=== ASSIGNED TASK ===
Write out, from the entries below, exactly the lines that run between the lines holding "official photos f4ccf" and "aqua-silk-seagull-silhouettes-square-scarf-238109-95-1600-0.jpg", inclusive, and stop there.

........

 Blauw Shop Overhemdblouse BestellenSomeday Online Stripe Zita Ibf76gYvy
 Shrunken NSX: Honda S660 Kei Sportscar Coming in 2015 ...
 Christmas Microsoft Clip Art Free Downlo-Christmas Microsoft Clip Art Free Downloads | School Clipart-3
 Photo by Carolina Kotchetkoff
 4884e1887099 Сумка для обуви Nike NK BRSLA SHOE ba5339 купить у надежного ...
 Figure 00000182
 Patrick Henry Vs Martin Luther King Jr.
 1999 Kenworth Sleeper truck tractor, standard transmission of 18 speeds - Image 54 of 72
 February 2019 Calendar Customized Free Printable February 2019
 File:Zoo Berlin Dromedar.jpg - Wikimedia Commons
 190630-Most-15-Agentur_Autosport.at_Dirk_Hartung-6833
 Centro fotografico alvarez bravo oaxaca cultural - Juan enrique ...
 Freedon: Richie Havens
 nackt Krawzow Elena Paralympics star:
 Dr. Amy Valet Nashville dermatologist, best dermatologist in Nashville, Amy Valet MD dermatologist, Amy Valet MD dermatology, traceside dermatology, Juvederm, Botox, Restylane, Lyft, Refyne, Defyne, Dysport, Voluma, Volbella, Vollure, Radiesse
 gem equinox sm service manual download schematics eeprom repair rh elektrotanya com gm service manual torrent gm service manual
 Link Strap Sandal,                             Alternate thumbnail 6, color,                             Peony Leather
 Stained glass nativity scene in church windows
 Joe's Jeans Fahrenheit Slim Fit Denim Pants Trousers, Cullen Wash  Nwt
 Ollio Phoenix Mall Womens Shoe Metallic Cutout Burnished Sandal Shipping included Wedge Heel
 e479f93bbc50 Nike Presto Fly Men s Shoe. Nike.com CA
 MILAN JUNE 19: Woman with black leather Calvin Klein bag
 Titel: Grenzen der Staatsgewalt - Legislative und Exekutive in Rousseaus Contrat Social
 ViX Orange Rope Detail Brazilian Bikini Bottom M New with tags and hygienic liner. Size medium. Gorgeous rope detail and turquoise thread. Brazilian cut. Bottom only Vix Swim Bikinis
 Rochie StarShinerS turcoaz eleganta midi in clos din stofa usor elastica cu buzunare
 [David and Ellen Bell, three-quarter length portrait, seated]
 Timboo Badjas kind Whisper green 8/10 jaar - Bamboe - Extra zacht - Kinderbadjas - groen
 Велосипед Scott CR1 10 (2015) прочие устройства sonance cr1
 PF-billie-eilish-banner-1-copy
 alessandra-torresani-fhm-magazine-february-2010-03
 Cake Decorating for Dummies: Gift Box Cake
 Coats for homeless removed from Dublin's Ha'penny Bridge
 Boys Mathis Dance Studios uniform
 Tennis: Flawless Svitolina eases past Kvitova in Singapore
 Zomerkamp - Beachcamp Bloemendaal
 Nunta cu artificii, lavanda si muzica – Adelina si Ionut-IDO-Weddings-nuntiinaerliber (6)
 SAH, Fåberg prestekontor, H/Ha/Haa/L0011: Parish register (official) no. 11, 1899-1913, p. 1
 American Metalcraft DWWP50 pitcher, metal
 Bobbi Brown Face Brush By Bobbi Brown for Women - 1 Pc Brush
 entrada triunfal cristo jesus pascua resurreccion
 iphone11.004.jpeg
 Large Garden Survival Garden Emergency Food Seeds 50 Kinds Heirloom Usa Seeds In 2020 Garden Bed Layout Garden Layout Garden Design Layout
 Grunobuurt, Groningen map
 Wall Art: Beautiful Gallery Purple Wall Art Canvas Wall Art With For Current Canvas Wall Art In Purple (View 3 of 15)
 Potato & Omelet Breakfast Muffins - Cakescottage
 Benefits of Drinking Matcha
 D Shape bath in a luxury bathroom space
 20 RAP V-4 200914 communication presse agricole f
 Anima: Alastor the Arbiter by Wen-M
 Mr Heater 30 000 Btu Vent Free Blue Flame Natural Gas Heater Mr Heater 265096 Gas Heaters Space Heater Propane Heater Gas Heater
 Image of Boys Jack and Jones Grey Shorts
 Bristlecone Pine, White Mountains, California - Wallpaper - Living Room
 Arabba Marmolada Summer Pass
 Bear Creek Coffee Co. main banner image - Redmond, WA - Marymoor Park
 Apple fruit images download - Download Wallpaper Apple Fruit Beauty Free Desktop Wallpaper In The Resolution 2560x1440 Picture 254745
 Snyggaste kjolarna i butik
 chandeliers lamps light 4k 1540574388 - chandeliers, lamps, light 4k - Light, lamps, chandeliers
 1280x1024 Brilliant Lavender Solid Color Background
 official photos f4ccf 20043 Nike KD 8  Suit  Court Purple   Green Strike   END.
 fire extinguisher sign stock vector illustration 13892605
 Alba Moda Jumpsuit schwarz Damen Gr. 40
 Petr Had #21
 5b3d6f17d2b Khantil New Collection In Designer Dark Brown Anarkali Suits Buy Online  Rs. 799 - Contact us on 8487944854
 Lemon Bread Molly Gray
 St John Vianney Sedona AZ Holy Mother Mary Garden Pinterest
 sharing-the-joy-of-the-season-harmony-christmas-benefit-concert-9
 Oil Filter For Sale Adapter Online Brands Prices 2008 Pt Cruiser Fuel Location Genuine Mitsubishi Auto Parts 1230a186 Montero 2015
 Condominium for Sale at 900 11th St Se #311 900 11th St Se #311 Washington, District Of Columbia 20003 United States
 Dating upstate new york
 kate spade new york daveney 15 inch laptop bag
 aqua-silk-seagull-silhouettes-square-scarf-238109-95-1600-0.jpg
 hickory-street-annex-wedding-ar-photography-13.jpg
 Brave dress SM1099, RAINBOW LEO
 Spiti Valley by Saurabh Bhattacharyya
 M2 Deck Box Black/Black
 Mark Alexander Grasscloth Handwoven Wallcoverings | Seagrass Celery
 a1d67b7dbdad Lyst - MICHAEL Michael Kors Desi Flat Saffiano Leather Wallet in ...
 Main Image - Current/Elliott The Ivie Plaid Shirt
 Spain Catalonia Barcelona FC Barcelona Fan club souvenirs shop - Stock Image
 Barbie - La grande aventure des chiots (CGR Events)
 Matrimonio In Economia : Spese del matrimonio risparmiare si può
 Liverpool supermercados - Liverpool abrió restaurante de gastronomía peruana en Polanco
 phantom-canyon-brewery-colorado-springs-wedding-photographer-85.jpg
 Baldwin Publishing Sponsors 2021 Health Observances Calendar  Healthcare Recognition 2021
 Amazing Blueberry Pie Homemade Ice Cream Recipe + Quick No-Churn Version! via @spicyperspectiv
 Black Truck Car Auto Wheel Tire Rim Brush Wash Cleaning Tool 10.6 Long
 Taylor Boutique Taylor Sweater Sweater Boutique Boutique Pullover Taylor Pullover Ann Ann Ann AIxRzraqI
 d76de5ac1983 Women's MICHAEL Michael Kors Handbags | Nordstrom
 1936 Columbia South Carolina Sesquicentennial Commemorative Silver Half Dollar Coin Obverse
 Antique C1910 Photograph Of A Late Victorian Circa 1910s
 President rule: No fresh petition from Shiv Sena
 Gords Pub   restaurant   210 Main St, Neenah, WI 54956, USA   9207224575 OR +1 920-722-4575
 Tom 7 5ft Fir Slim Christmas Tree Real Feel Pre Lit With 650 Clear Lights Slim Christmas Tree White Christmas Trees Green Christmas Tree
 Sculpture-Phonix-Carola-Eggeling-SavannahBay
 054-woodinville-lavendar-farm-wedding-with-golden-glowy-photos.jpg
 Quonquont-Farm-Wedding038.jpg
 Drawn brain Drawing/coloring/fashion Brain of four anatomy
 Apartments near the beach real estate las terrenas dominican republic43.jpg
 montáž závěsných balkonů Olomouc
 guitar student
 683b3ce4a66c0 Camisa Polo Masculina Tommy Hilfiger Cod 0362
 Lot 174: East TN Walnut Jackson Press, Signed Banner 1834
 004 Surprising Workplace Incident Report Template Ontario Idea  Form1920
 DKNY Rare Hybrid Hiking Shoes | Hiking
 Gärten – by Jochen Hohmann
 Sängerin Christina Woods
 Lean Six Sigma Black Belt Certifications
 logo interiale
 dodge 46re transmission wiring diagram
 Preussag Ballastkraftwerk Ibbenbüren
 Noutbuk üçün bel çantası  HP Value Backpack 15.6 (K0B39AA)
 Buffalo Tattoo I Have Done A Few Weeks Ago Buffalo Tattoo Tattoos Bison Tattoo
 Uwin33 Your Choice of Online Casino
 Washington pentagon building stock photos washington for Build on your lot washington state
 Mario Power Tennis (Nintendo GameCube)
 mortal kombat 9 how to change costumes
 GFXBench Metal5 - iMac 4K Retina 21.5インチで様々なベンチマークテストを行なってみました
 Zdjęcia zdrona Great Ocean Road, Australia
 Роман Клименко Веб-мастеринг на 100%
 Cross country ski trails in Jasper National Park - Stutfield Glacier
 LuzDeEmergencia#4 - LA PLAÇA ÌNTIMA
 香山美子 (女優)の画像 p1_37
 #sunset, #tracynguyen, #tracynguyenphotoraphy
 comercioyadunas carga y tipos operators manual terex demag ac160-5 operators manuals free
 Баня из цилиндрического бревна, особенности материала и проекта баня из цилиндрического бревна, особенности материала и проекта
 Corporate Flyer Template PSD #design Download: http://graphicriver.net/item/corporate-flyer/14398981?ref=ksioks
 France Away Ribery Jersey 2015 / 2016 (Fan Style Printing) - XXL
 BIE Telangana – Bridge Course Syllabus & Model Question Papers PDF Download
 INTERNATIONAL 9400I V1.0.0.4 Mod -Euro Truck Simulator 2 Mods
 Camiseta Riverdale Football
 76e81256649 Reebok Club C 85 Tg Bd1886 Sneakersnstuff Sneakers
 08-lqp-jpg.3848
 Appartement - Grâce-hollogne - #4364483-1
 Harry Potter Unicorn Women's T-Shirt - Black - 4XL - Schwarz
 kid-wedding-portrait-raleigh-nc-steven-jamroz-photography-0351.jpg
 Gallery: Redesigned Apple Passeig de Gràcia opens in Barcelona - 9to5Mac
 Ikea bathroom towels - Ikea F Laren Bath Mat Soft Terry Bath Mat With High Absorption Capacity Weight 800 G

........

=== WRITTEN ANSWER ===
 official photos f4ccf 20043 Nike KD 8  Suit  Court Purple   Green Strike   END.
 fire extinguisher sign stock vector illustration 13892605
 Alba Moda Jumpsuit schwarz Damen Gr. 40
 Petr Had #21
 5b3d6f17d2b Khantil New Collection In Designer Dark Brown Anarkali Suits Buy Online  Rs. 799 - Contact us on 8487944854
 Lemon Bread Molly Gray
 St John Vianney Sedona AZ Holy Mother Mary Garden Pinterest
 sharing-the-joy-of-the-season-harmony-christmas-benefit-concert-9
 Oil Filter For Sale Adapter Online Brands Prices 2008 Pt Cruiser Fuel Location Genuine Mitsubishi Auto Parts 1230a186 Montero 2015
 Condominium for Sale at 900 11th St Se #311 900 11th St Se #311 Washington, District Of Columbia 20003 United States
 Dating upstate new york
 kate spade new york daveney 15 inch laptop bag
 aqua-silk-seagull-silhouettes-square-scarf-238109-95-1600-0.jpg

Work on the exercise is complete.